Maka terputuslah rantai itu. Sudah enam abad lamanya Halmahera yang besar ini harus tunduk di bawah silih ganti kuasa dua pulau kecil tetangganya, Ternate dan Tidore. Bahkan ketika republik ini merdeka pun, Halmahera sempat empat dekade berada di bawah komando Ambon sebelum akhirnya kembali berkiblat ke Ternate pada awal milenium ini.
Lima tahun yang lewat rangkaian dominasi itu dipatahkan, sedasar titah Presiden Susilo Bambang Yudhoyono, Sofifi ditunjuk menjadi ibukota provinsi Maluku Utara menggantikan Ternate. Inilah untuk pertama kalinya dalam enam abad sejarah Halmahera, pulau terbesar di Maluku, dipercaya memegang tongkat komando.

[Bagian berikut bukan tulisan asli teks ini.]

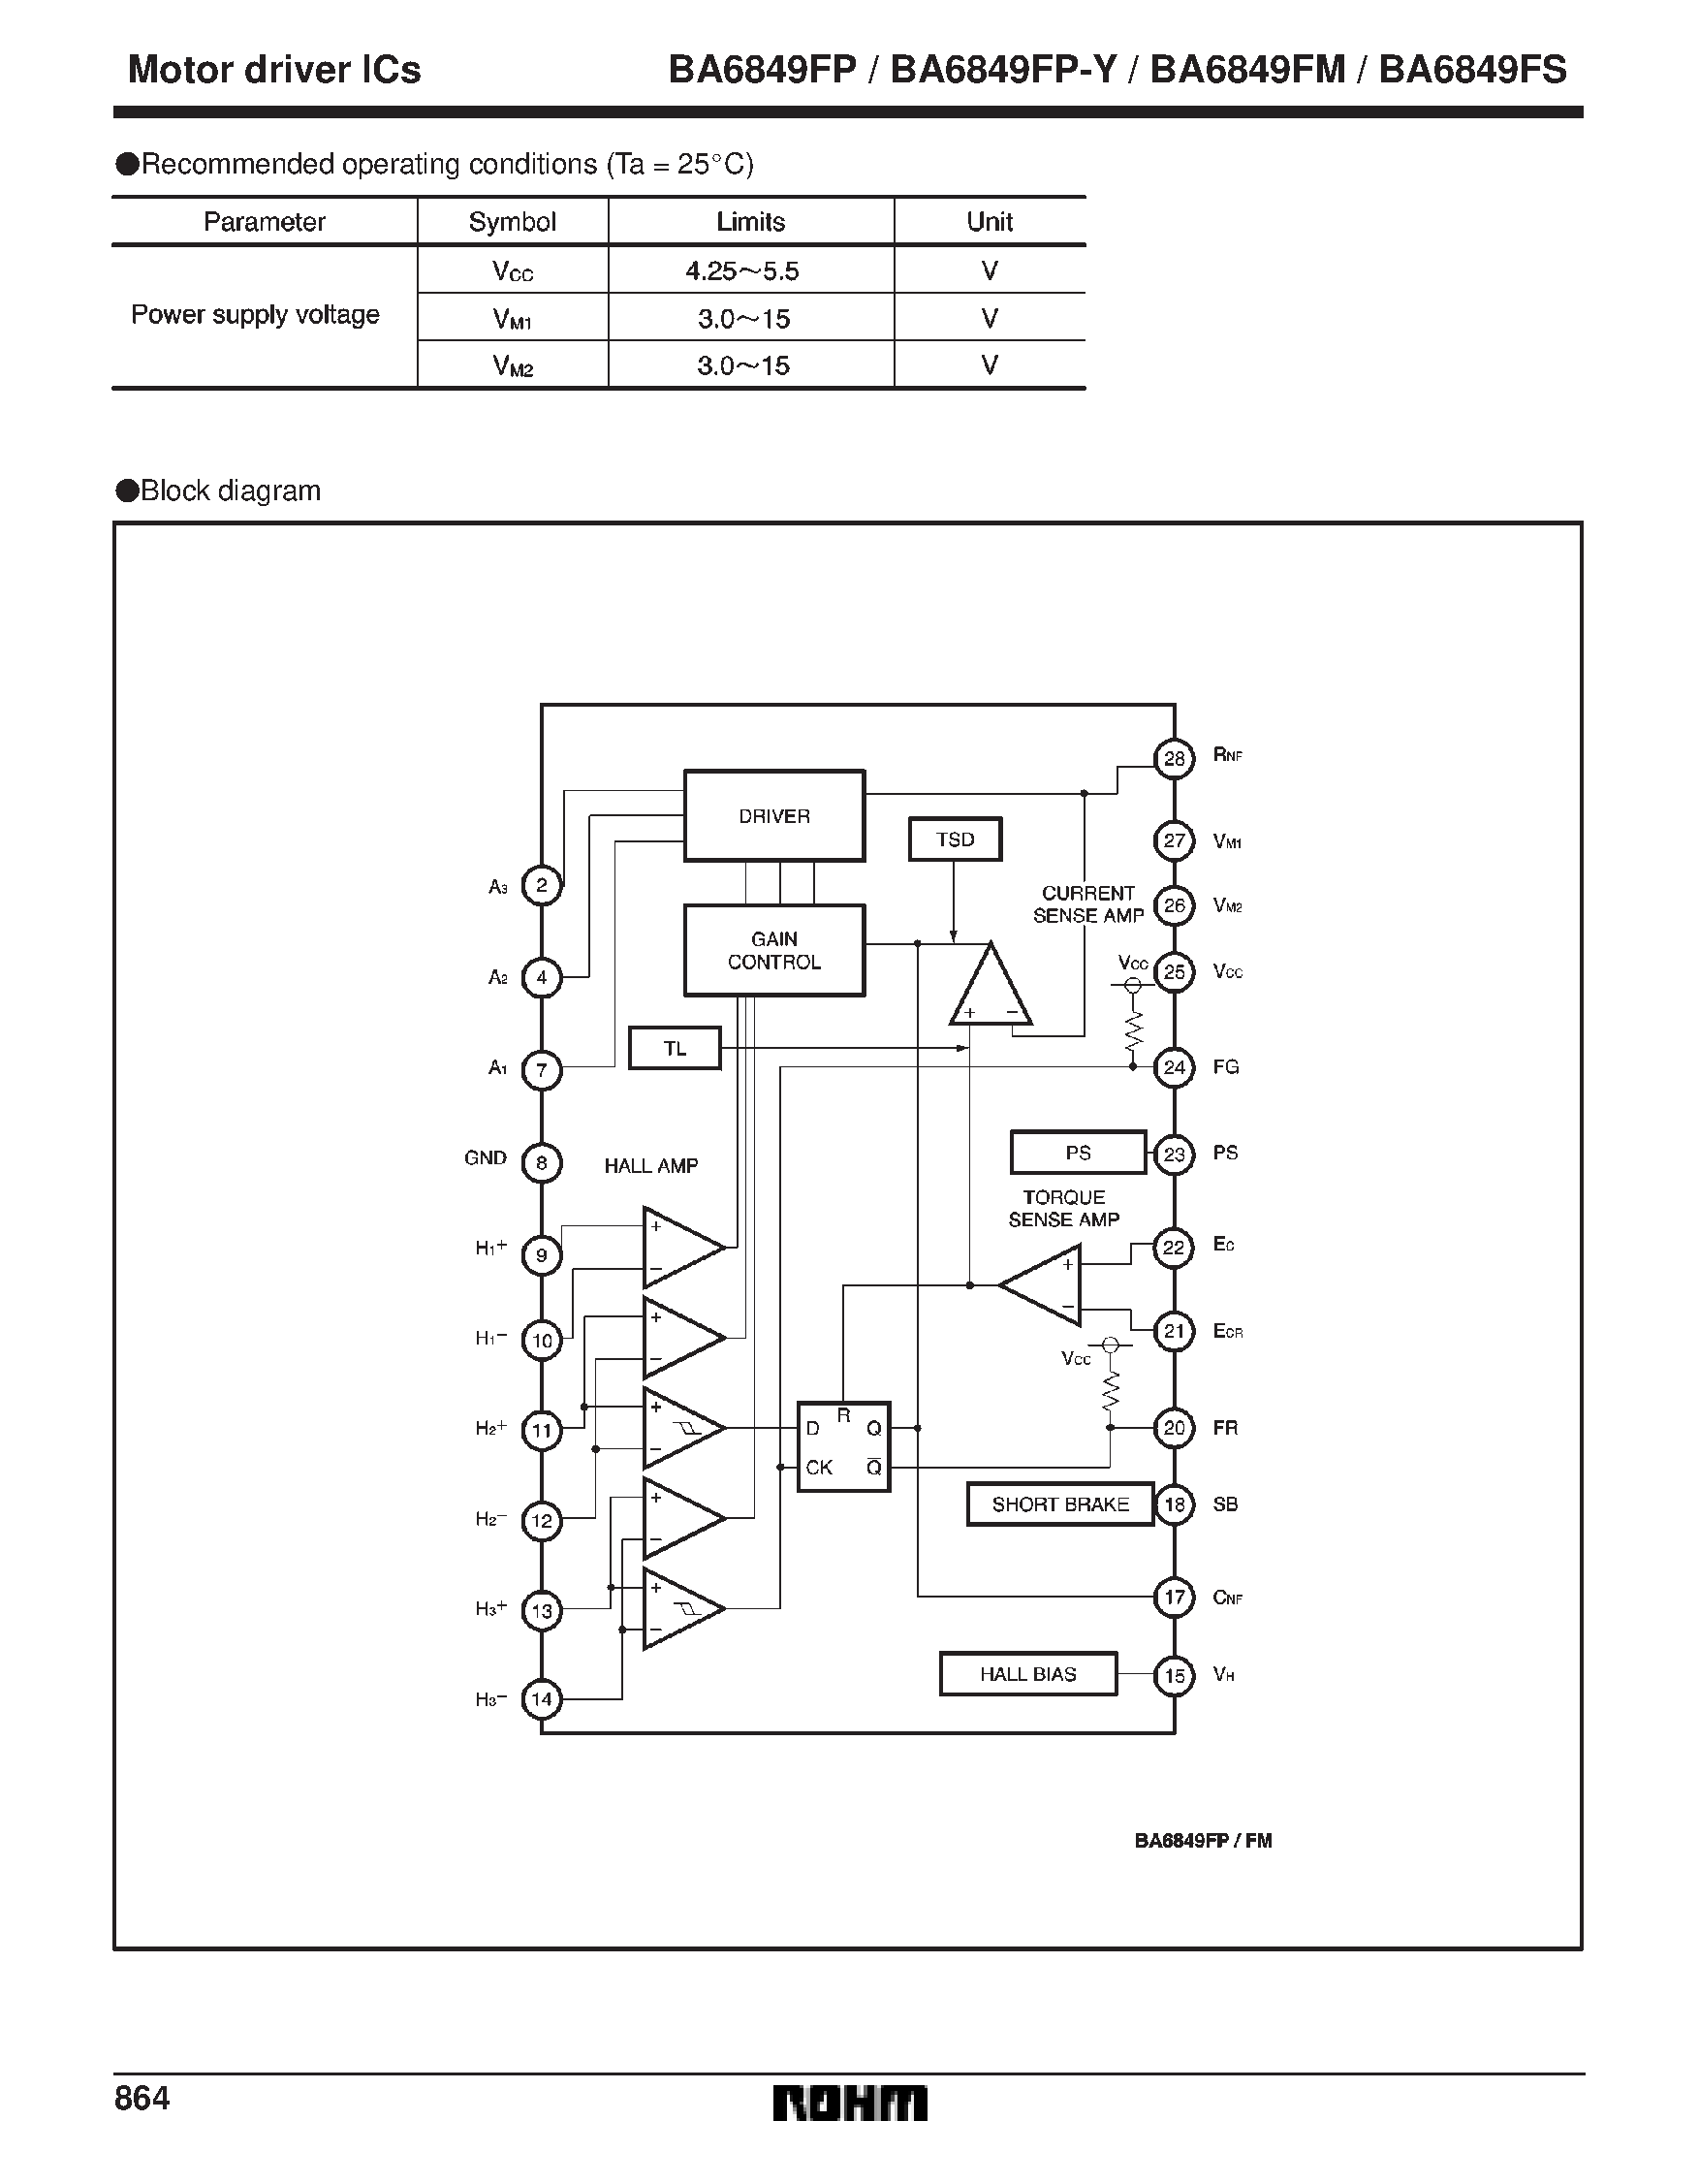 Datasheet BA6849FP-Y - 3-phase motor driver for CD-ROMs page 2

Efeknya terasa ke mana-mana. Desa-desa pesisir yang dulu senyap kini riuh. Salah satunya adalah Kabupaten Halmahera Barat yang masih seumur jagung.
Kabupaten Halmahera Barat dimekarkan dari induknya pada dekade silam dengan Jailolo, sebuah desa di tepi pantai, sebagai ibukotanya. Jailolo tidaklah sekedar berdenyut namun ia berdentum kencang. Untuk mendapuk kebangkitannya, Festival Teluk Jailolo senantiasa digaung-gaungkan oleh pemerintah daerah dan menjadi sasaran ribuan turis setiap tahunnya.

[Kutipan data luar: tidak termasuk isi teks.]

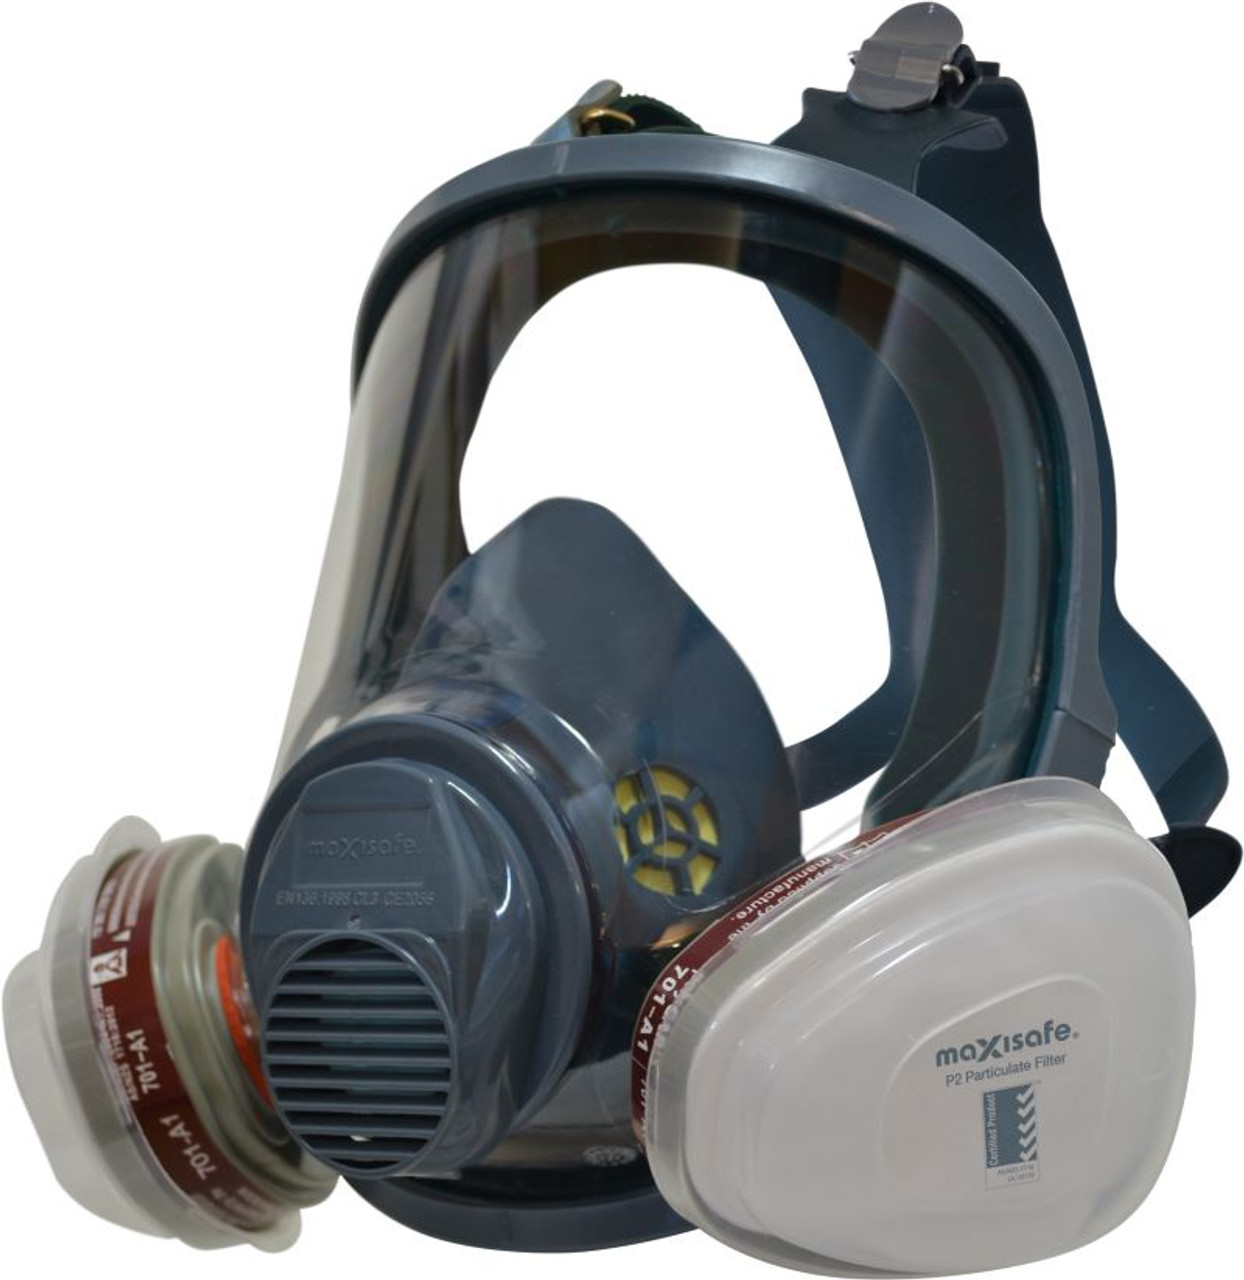 Maxiguard Full Face Silicone Respirator W/ A1P2 Cartridges-Large

“Di Maluku Utara, kabupaten-kabupaten tumbuh dengan cepat,” terang Rissa, “Mereka bahkan bersaing satu sama lain, salah satunya adalah gede-gedean masjid.”

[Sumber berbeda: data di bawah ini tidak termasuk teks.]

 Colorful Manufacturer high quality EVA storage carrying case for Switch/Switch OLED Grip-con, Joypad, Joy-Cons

Jailolo tentu bukan pemain baru. Sebelum abad ke-15, perkampungan nelayan ini mendominasi perekonomian di perairan Halmahera, jauh lebih makmur daripada dua tetangga kecilnya. Namun kedatangan Portugis dan Spanyol di dalam ekspedisi perburuan bumbu meroketkan Ternate dan Tidore dalam kemakmuran yang tiba-tiba. Pada pertengahan abad ke-16, seantero Halmahera takluk di kaki kedua kesultanan itu.
Kini sebuah masjid megah berkubah merah berdiri teguh di lapang perairan, menghadap lurus ke arah Ternate dan Tidore. Seakan mengingatkan bahwa posisi mereka sekarang sudah setara.